Sich 
            in Zeiten der Computertechnik mit nichts als einer akustischen Gitarre 
            an die Öffentlichkeit zu wagen, das nötigte auch einem US-amerikanischen 
            Plattenproduzenten so viel Respekt ab, dass er Keren Anns erstes überwiegend 
            englischsprachiges Album "Not going anywhere" in Amerika 
            veröffentlichen wollte. 
          Für 
            Keren Ann, die Französin mit israelisch-niederländischer 
            Herkunft, ging damit ein Traum in Erfüllung. Seit jeher fasziniert 
            vom Lebensgefühl New Yorks quartierte sie sich in einem Viertel 
            nördlich von "Little Italy" - Nolita - ein und setzte 
            dort die in Paris begonnenen Vorarbeiten zu ihrem neuen Album fort, 
            zunächst wiederum mit nichts als ihrer Gitarre und dieser Stimme, 
            die zum Schönsten gehört, was die französische Musikszene 
            derzeit zu bieten hat. Erst nach diesen Vorarbeiten lud sie Musiker, 
            die sie in New York kennen gelernt hatte, zu den Aufnahmen ein und 
            ergänzte ihr Album so Stück für Stück um zusätzliche 
            Komponenten. 
          Ob 
            das alles gut gehen würde, unkten selbst Fans, denn "Nolita" 
            wurde - abgesehen von ihrem Sideprojekt "Lady & Bird" 
            - zu Keren Anns erstem Studioalbum, das sie ohne Mitwirkung ihres 
            langjährigen musikalischen Begleiters Benjamin Biolay produzieren 
            würde. Dass sie Keren Ann damit maßlos unterschätzten, 
            auch das macht "Nolita" deutlich. Denn ohne Biolay offenbart 
            sich eine neue, internationale Seite der Songschreiberin. Schon auf 
            "Not going anywhere" präsentierte sie sich erstmals 
            in englischer Sprache, und "Nolita" setzt diesen Weg fort.
          In 
            New York 
            begab sie sich auf die Suche nach einem künstlerischen, vielleicht 
            auch ganz persönlichen Standort: "Où vais-je? A présent 
            que n'ai-je?" heißt es im ersten Song, noch auf Französisch, 
            als suchte sie eine Brücke zwischen Vergangenem und Neuem.
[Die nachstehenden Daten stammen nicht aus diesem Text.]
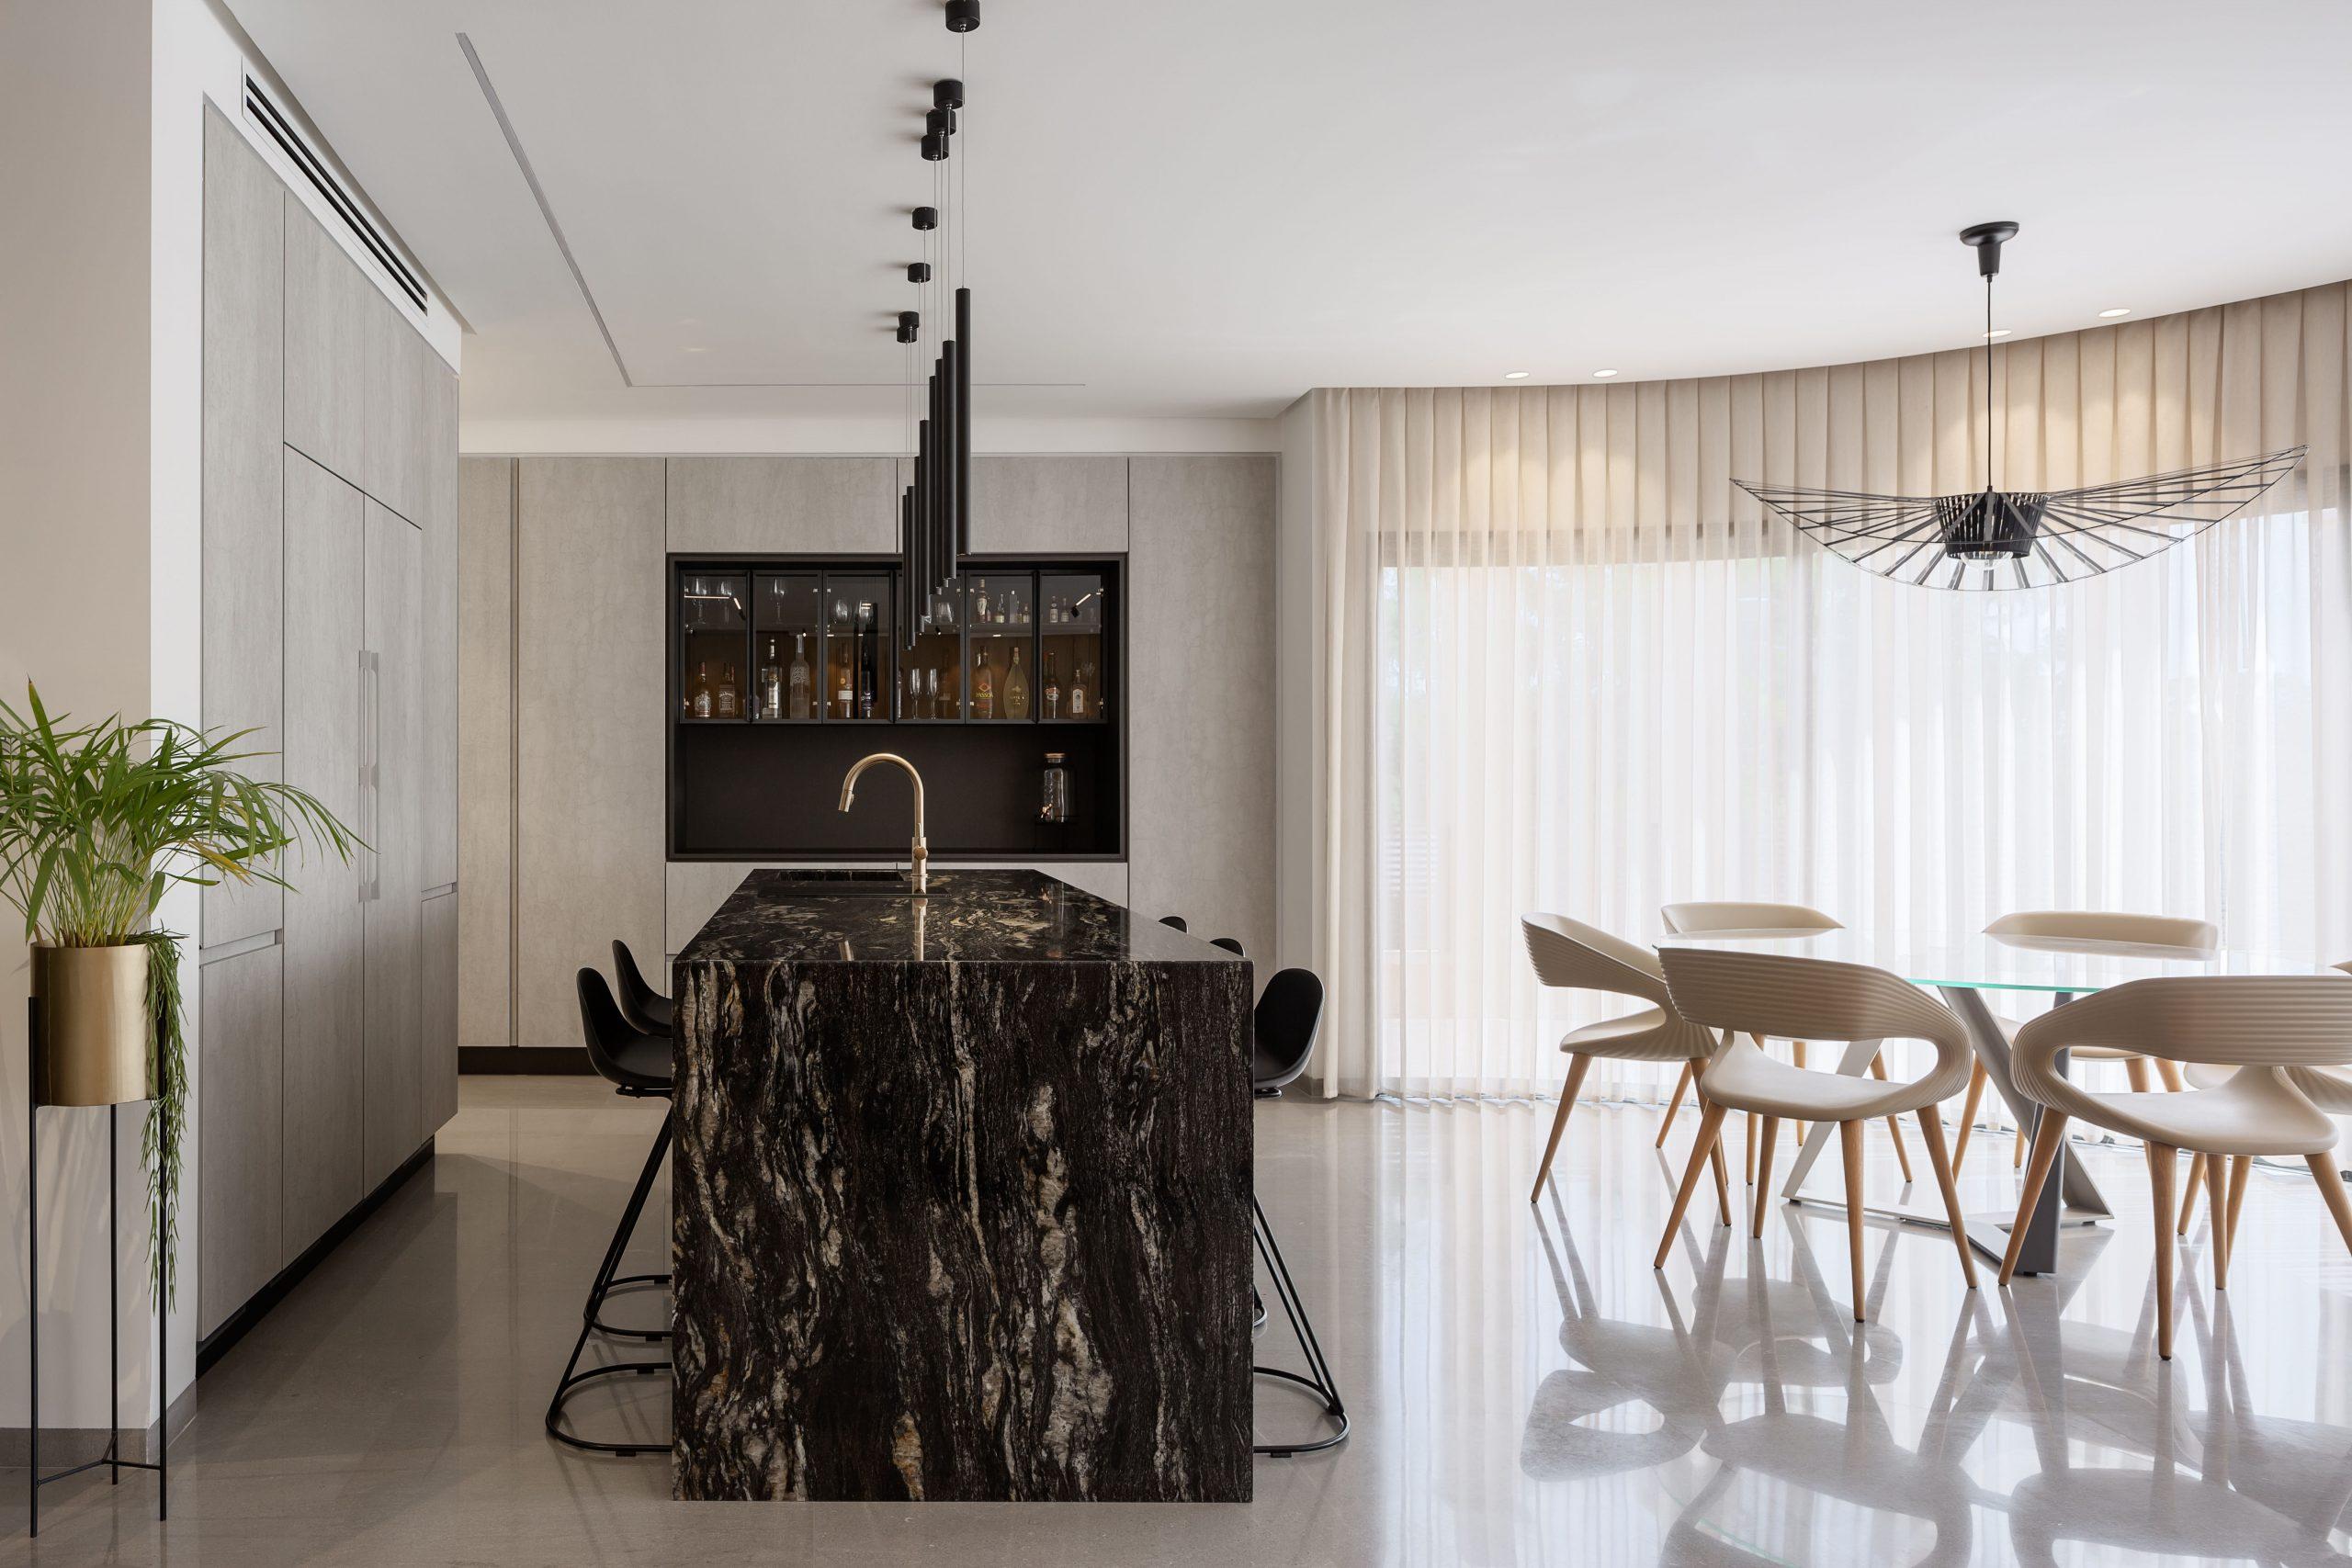 אדריכלות מקצועית בוילה בעכו

Mit 
            leiser, unter die Haut gehender Stimme, singt sie ihre zerbrechlichen 
            Balladen, doch spätestens mit "Chelsea burns" erklingt 
            ein ungewohnter Sound aus Folk, sogar Country, ein amerikanischer 
            Einfluss, der sie ihrem großen Vorbild Suzanne Vega näher 
            bringt als jemals zuvor, doch gleichzeitig ihren eigenen Standpunkt 
            unterstreicht. 
          Denn 
            im Gegensatz zum naiven Charme von Kolleginnen wie Coralie Clément, 
            Helena oder auch Carla Bruni ist Keren Ann eine ausgereifte Musikerin 
            mit einem eigenen Charisma, einem festen und unverbrüchlichen 
            Gespür für Ausdruck und Atmosphäre.
          Dort, 
            wo sie das Chanson verlässt, erobert ein relaxter Bluessound 
            die Musik von Keren Ann. Sie unterstreicht das ungewohnte Feeling 
            mit Fiedel und Mundharmonika, und selbst, wenn sie im Verlauf des 
            Albums gelegentlich zur französischen Sprache zurückkehrt 
            ("Midi dans le salon de la Duchesse"), bleibt die Atmosphäre 
            von Blues und Slideguitar (in Wirklichkeit wurde eine Sitar benutzt) 
            vorherrschend.
          In 
            den USA ist man entsprechend entzückt über die junge Französin 
            mit den multikulturellen Wurzeln, die ihre leisen Songs arrangiert 
            wie spontane Fotoschnappschüsse mit unvorhergesehener Wirkung, 
            jeder für sich eine Momentaufnahme, doch gemeinsam betrachtet 
            eine Hommage an ein Lebensgefühl, das sie kennen gelernt und 
            zu teilen begenonnen hat, im Viertel nördlich von 'Little Italy'. 
            "It's late, I think I'm gonna stay" raunt sie zu 
            Beginn des Titelsongs, und vor dem geistigen Auge erstrahlt ihr zauberhaftes 
            Lächeln - zu zauberhafter Musik.